The proposition of the invention property utilizes the multispectral remote sensing image to combine the coarse resolution DEM graticule mesh interpolating method of SFS three-dimensional reconstruction result; Proposition utilizes the reflectivity of the different types of ground objects of object spectrum data-evaluation, removes the surface vegetation cover type is rebuild precision to SFS influence; Proposition reduces the influence of image shade to the atural object spectral brightness based on the single width multispectral remote sensing image three-dimensional method for reconstructing of shadow removal; Set up the light source estimation of anisotropy complicated earth surface, introduce multispectral information, add the ground additional control point, improve the light source direction estimation precision; Based on the result of three-dimensional reconstruction, utilize the slip least square to carry out the elevation value interpolation, cooperate the atural object edge fit method of inserting in the ICBI, avoided the level and smooth phenomenon of mistake of DEM interpolating method, improve DEM and encrypt precision.The method that patent proposes is mainly used in the DEM graticule mesh in the deficient area of high-resolution three-dimension modeling, depopulated zone or data of the quick foundation of 3-dimensional digital terrain model (DSM), complex region under the case of emergency and sets up.
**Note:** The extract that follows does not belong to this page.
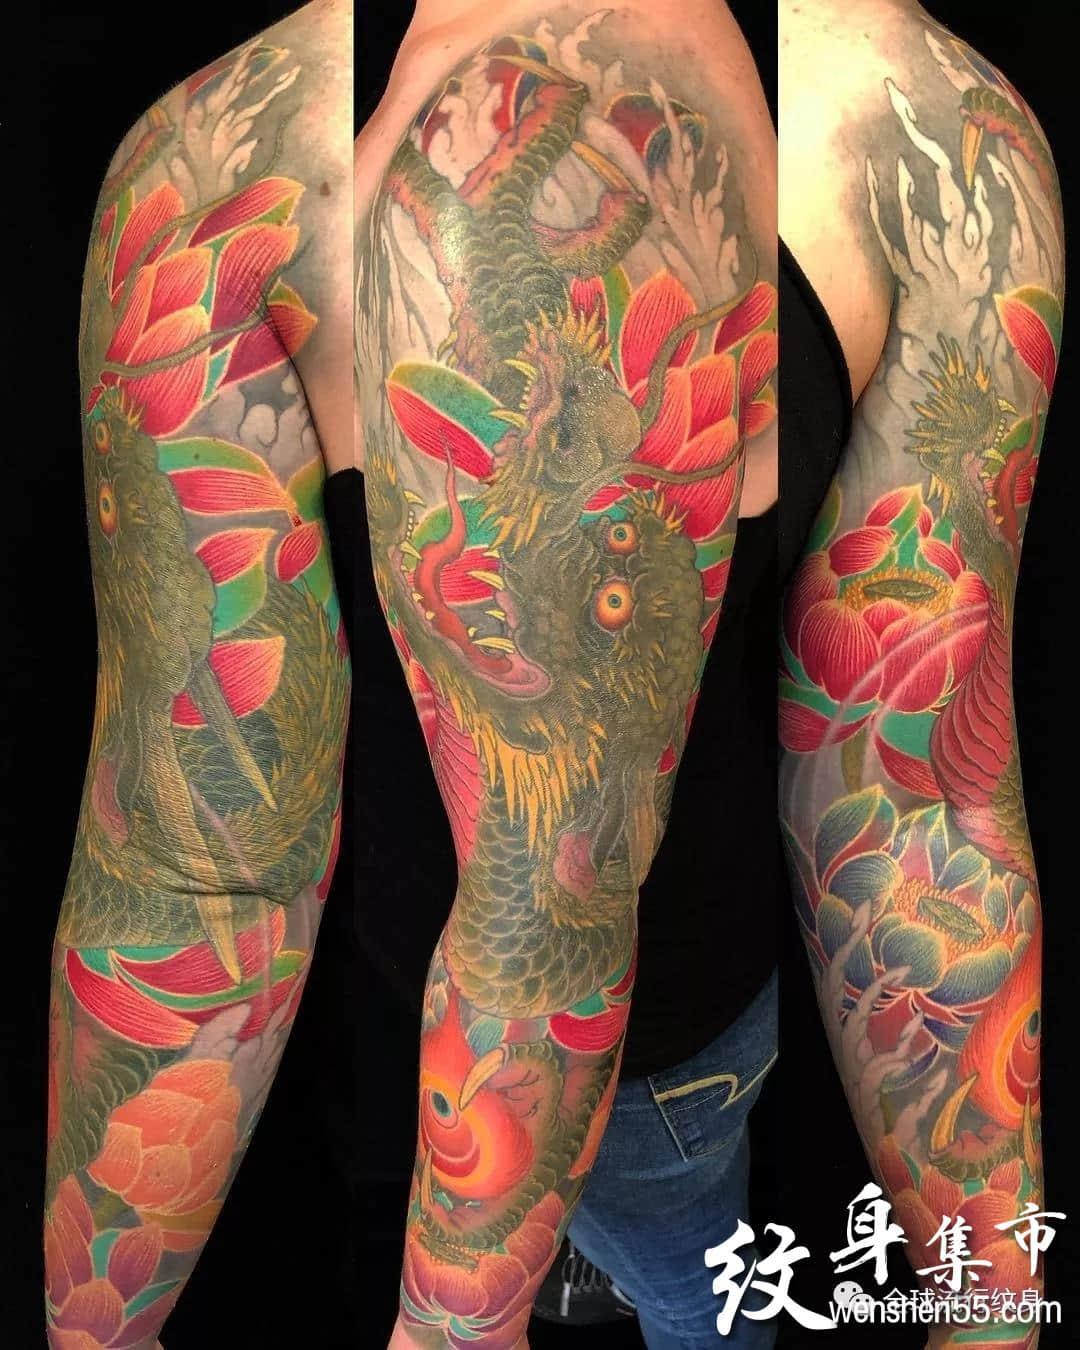 日本纹身大师黄炎纹身作品欣赏,纹身艺术家连载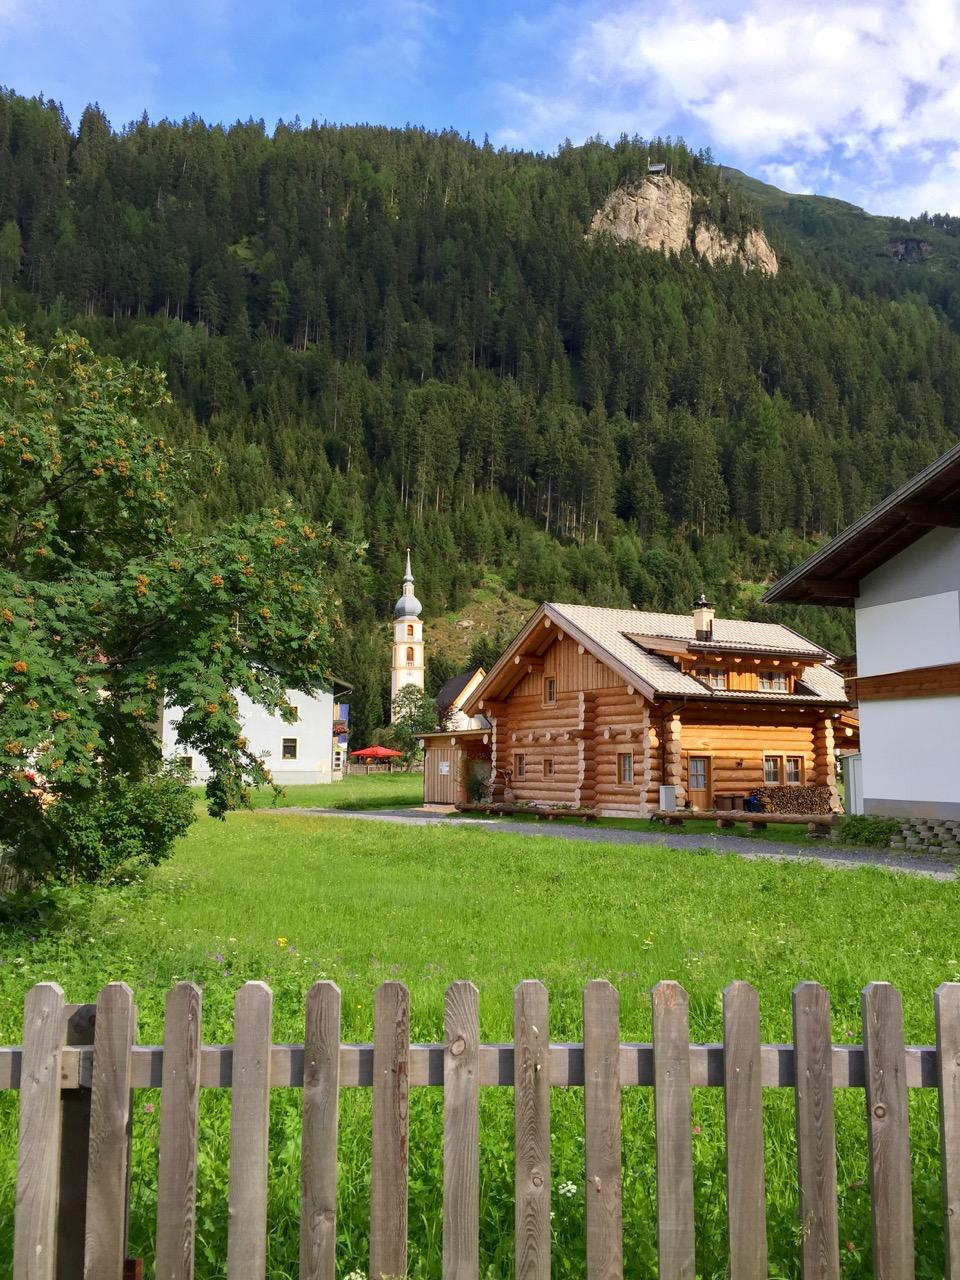 Tirol barrierefrei: Feichten im Kaunertal mit Blick auf die Adlerspitze www.berlinfreckles.de

Encrypt sparse DEM method at above-mentioned a kind of SFS three-dimensional reconstruction of taking face of land spectral information into account, in the described step 3.1, the concrete steps of remote sensing image and dem data being carried out cutting and registration are following:

1) reads dem data and remote sensing image data file header, obtain the coverage of its data;

2) set up the affined transformation model

$\left(\begin{array}{c}{x}^{\′}\\ y^{\′}\end{array}\right)=\left(\begin{array}{cc}{a}_{11}& a_{12}\\ a_{21}& a_{\mathrm{xx}}\end{array}\right)\left(\begin{array}{c}x\\ y\end{array}\right)+\left(\begin{array}{c}{t}_x\\ t_y\end{array}\right);$

3) according to image four angle point value ranges up and down, bring the affined transformation model into, obtain eight equations, find the solution 6 transformation model parameters;

4) geographic coordinate after the conversion of calculating every bit.

A kind of SFS three-dimensional reconstruction of taking face of land spectral information into account above-mentioned is encrypted sparse DEM method, and in the described step 3.3, the concrete steps of atural object segmentation and classification are following:

1) combines the atural object texture features according to spectral information, definition classification number c, cost function threshold epsilon, maximum iteration time t; The instance (see figure 2) that this patent provides in this step, definition classification number is 3, and the cost function threshold value is 0.1, and maximum iteration time is 50;

2) be subordinate to matrix U with the random number initialization of value between 0-1, make it satisfy the constraint condition in the following formula:

$\underset{i=1}{\overset{c}{\mathrm{\Σ}}}{u}_{\mathrm{ij}}=1,\∀j=1,...,n$

3) with computes c cluster centre ci, i=1 ..., c:

$c_i=\frac{\underset{j=1}{\overset{n}{\mathrm{\Σ}}}{u}_{\mathrm{ij}}^m{x}_j}{\underset{j=1}{\overset{n}{\mathrm{\Σ}}}{u}_{\mathrm{ij}}^m}$

Wherein, x _i(i=1,2 ..., n) be n sample point spectrum vector;

4) according to the computes cost function: if cost function less than the threshold epsilon of confirming, or the change amount of cost function relative last time of cost function value is less than threshold value, then algorithm stops:

$J(U,{\mathrm{<figure-callout\; id="1"\; label="c"\; filenames="HDA0000065913090000022.png,HDA0000065913090000032.png"\; state="\{\{state\}\}">c</figure-callout>}}_1,...,c_c)=\underset{i=1}{\overset{c}{\mathrm{\&Sigma;}}}{J}_i=\underset{i=1}{\overset{c}{\mathrm{\&Sigma;}}}\underset{j}{\overset{n}{\mathrm{\&Sigma;}}}{u}_{\mathrm{ij}}^m{d}_{\mathrm{ij}}^2$

Here u _IjBetween 0 to 1; c _iBe the cluster centre of ambiguity group I, d _Ij=|| c _i-x _j|| be the Euclidean distance between i cluster centre and j data points; And m ∈ [1, ∞) be a weighted index, the m value is 2 here;

If cost function is greater than threshold value, then with the new U matrix of computes; Return step 2);

$u_{\mathrm{ij}}=\frac{1}{\underset{k=1}{\overset{c}{\mathrm{\&Sigma;}}}{\left(\frac{d_{\mathrm{ij}}}{d_{\mathrm{kj}}}\right)}^{2/(m-1)}};$

5) if iterations surpasses threshold value t, then calculating stops, and finally obtains the terrain classification figure of multispectral remote sensing image.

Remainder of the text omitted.